Grown in the cool climate of the highlands at an elevation of above 1,200 metres, in the past the rice was apparently only eaten by the longhouse chief on special occasions.
The fine elongated grains with a soft texture and mild aroma have always been a treat in our household.
Because it is a laborious process to plant and harvest the rice by hand using age-old traditional methods, the pesticide- and chemical fertiliser-free rice has always commanded a premium price. And rightly so.
The State government has allocated RM17 million for the Bario Rice Development Project involving 18 hectares of land in the highlands of Bario.
The project, which began last year, will run until 2015 and is among the efforts to promote Sarawak’s own varieties of rice.
You see most of these rice varieties are grown organically. Yes, Sarawak’s best is actually the best for you too.
Consumers these days are more discerning and realise the health value of natural products — something our ancestors knew all along, but that’s another story.
Anyway, what could be more natural than the rice planted in our villages without chemical fertilisers and pesticides?
Another variety being promoted by Padi Beras Nasional (Bernas) is Bajong — a purplish fragrant variety planted in Lubok Nibong, Betong.
As health experts are always pointing out that coloured foods have better nutritional value, this is another variety which we can market at a premium.
Biris from Simunjan is also a fragrant rice. It requires little irrigation and fertiliser because this variety makes good use of nutrients naturally in the soil.
There are apparently over 100 varieties of rice grown in Sarawak, with other notable types being Bali, Mamut, Selasih, Katek Merah, Lemak and Kenawit.
Most of Sarawak’s local rice varieties need very little irrigation and as they have been planted for generations, they have become naturally resilient and need very little pesticides.
Let’s support these efforts to promote Sarawak’s best rice by making sure that we consume more of it too.
Hopefully by adding our own local varieties every day, we can definitely achieve the target of reducing our rice imports to around 30 per cent by 2020.
The report from the New Straits Times:
Bario — best rice in the state
BATANG LUPAR: For thousands of years, the natives of Sarawak have planted various types of rice. The most well known is the Bario.
Bario rice is planted in the highlands and is regarded as the best rice in Sarawak.
It is grown at an elevation of more than 1,000m. Previously, the rice was said to be eaten by longhouse chiefs only on special occasions.
Today, however, the rice is commercially grown. Farmed by the Kelabit people in Bario, the rice is softer and more elongated than other common types of rice. Planting Bario rice is a very labour-intensive process, and this is reflected in the high prices that it fetches in the market.
Fertilisers and pesticides are not required for cultivation, so it is regarded as an organic product.
Another type of rice is the Bajong which is a fragrant variety planted by the traditional rice farmers of Lubok Nibong in the Betong division. It is purplish in colour and has a distinctive taste and texture.

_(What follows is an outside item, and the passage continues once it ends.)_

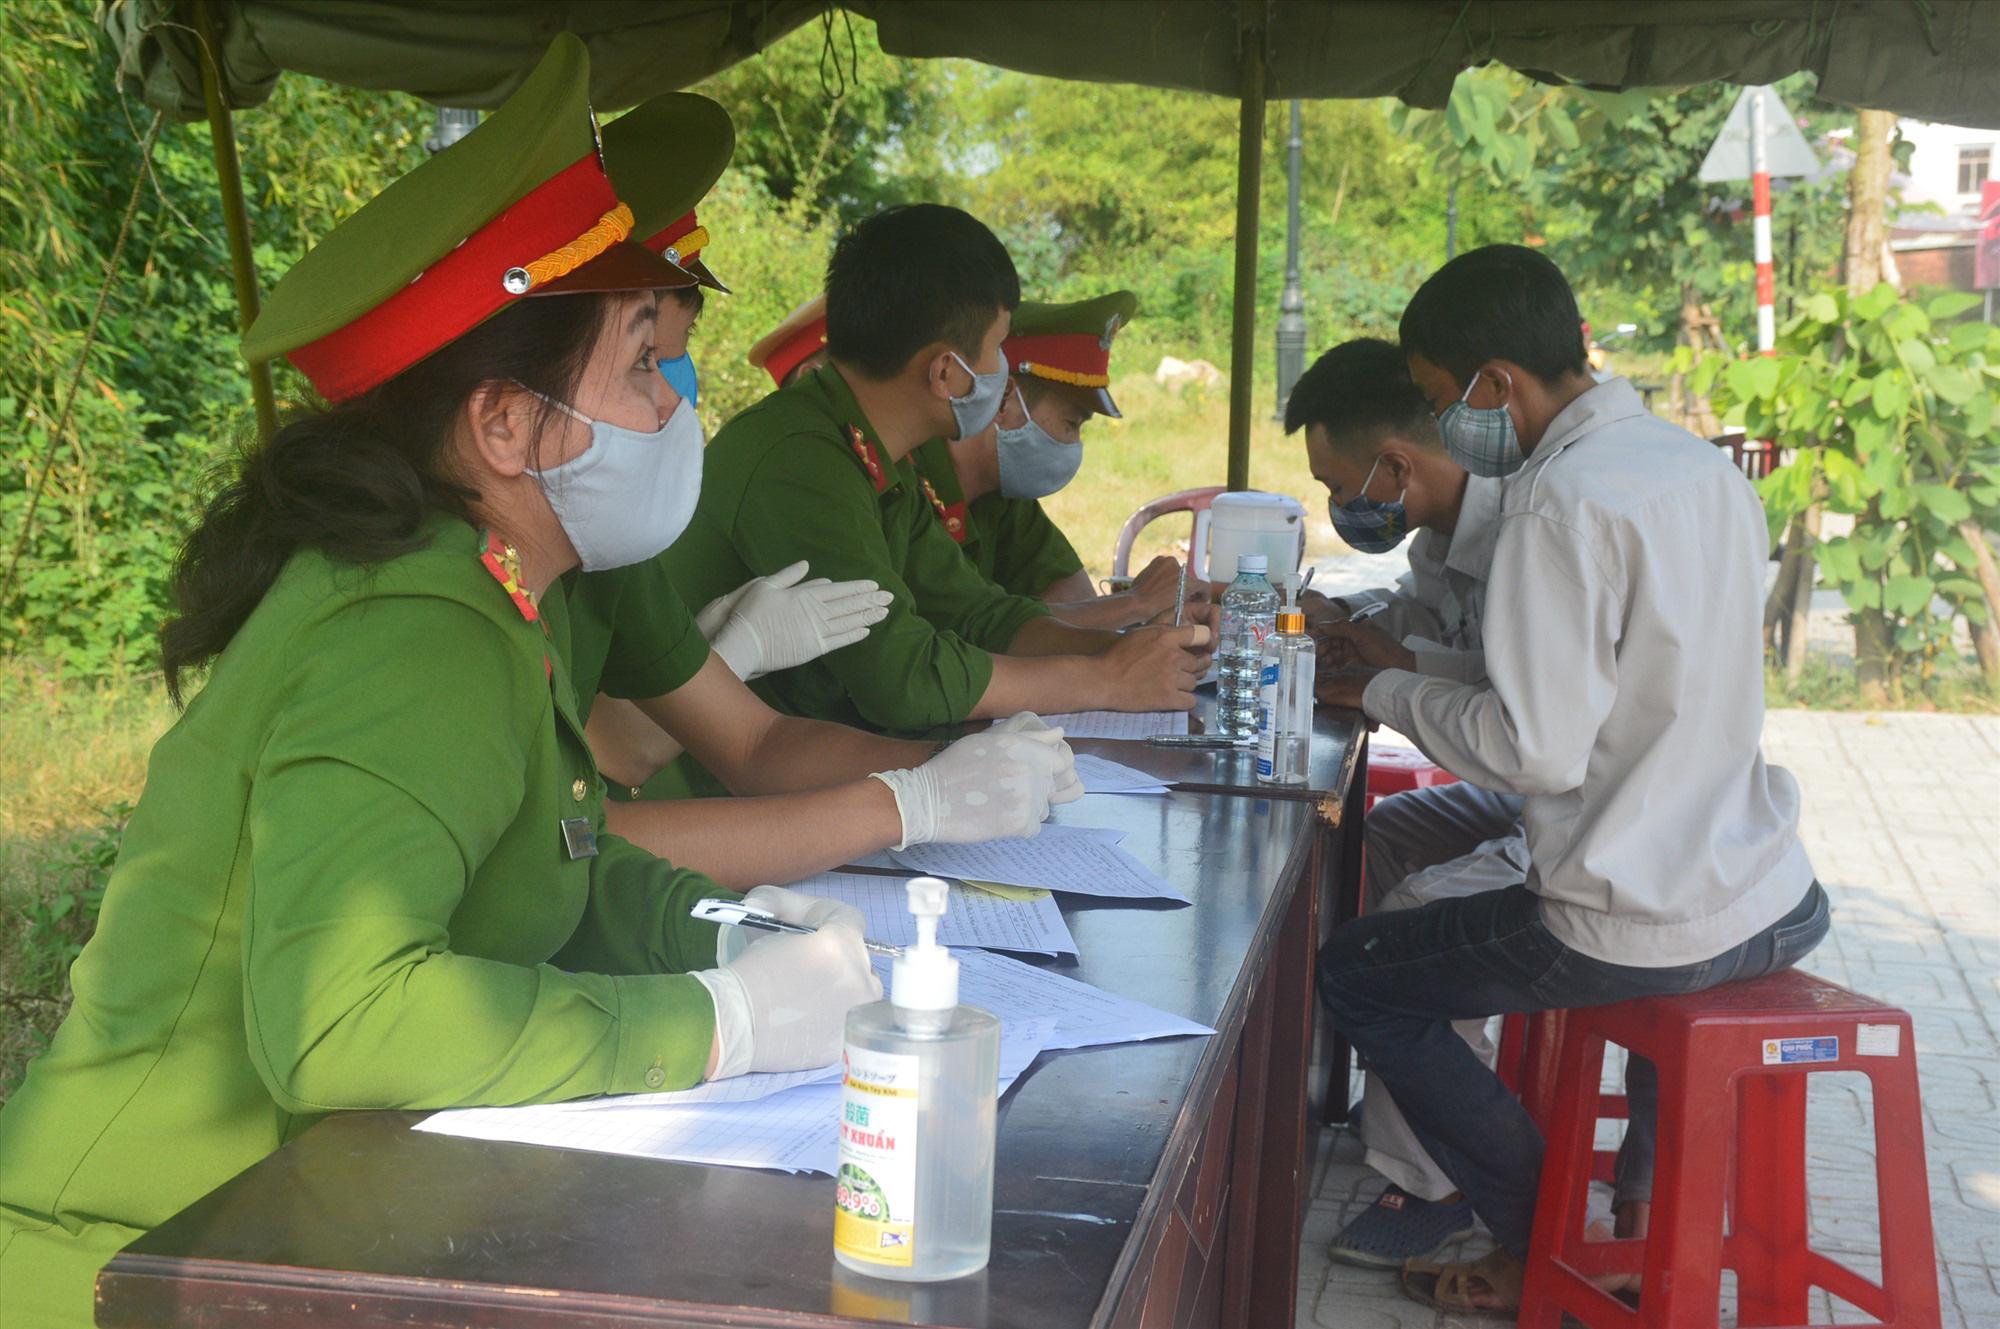 Nam thanh niên Quảng Nam tát nữ cán bộ chốt kiểm soát dịch Covid-19 - Ảnh 1.

Bajong can grow well in the highlands as well as low-lying rain-fed areas. Beras Biris originates from the rice farms of Simunjan in Samarahan division.
Biris is a fragrant traditional rice variety and was known as Beras Wangi Simunjan because of its strong aroma.
There is not much need for irrigation and farmers do not use much fertiliser as Biris is a traditional tall variety which has a better ability to make use of the soil nutrients for growth.
Too much fertiliser results in an increase in plant height but not yield and causes the plant to fall to the ground under the increased weight.
This type of rice can only be planted once a year from September to October because it needs sufficient sunlight for growth.
There are more than 100 varieties of rice grown in Sarawak. Besides the Bario, Biris and Bajong, the Bali, Mamut, Selasih, Katek Merah, Lemak and Kenawit can also be found in many of the local markets.
Most of these varieties do not need fertilisers and need very little irrigation. Because they have been planted for so long, they have also become naturally resilient to the environment and need very little pesticides.